Data records:
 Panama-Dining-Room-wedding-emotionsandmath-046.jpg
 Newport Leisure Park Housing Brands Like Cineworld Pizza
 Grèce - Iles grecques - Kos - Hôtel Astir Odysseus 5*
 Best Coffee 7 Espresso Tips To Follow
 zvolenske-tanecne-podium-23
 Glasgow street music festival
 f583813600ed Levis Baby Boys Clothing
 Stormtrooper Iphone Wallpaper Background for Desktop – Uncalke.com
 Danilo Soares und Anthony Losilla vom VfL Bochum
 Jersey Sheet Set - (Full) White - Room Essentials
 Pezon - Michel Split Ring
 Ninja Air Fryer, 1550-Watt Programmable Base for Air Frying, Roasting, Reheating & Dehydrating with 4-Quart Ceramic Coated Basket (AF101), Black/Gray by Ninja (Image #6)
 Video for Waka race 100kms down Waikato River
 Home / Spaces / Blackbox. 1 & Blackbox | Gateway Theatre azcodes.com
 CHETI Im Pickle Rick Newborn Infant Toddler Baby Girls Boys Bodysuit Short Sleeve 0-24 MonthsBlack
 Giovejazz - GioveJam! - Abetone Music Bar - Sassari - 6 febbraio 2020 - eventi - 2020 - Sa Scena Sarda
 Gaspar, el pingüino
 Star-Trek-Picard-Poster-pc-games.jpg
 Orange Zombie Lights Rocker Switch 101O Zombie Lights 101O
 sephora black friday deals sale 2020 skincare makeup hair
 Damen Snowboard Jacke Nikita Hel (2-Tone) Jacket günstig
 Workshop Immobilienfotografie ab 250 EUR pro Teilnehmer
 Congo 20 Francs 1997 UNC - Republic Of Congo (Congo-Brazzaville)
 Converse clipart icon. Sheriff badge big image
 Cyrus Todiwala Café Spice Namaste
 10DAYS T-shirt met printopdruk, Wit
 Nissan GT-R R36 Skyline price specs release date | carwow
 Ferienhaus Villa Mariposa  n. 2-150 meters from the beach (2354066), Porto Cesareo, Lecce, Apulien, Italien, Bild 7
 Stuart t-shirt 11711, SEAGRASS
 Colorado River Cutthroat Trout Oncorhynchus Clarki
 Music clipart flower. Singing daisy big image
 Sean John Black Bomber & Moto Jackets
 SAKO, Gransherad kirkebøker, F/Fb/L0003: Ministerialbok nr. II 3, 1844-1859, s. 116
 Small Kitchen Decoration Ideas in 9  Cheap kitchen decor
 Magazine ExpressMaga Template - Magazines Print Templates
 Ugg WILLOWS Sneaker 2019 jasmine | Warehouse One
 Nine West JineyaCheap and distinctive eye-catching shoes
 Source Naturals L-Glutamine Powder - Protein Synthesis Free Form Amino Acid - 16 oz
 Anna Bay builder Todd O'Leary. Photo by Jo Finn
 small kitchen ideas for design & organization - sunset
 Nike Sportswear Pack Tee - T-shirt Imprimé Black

Exercise directions:
From the very first line of the data through the line with "Stormtrooper Iphone Wallpaper" in it, please reproduce each line exactly and output nothing more.

Solution to this exercise:
 Panama-Dining-Room-wedding-emotionsandmath-046.jpg
 Newport Leisure Park Housing Brands Like Cineworld Pizza
 Grèce - Iles grecques - Kos - Hôtel Astir Odysseus 5*
 Best Coffee 7 Espresso Tips To Follow
 zvolenske-tanecne-podium-23
 Glasgow street music festival
 f583813600ed Levis Baby Boys Clothing
 Stormtrooper Iphone Wallpaper Background for Desktop – Uncalke.com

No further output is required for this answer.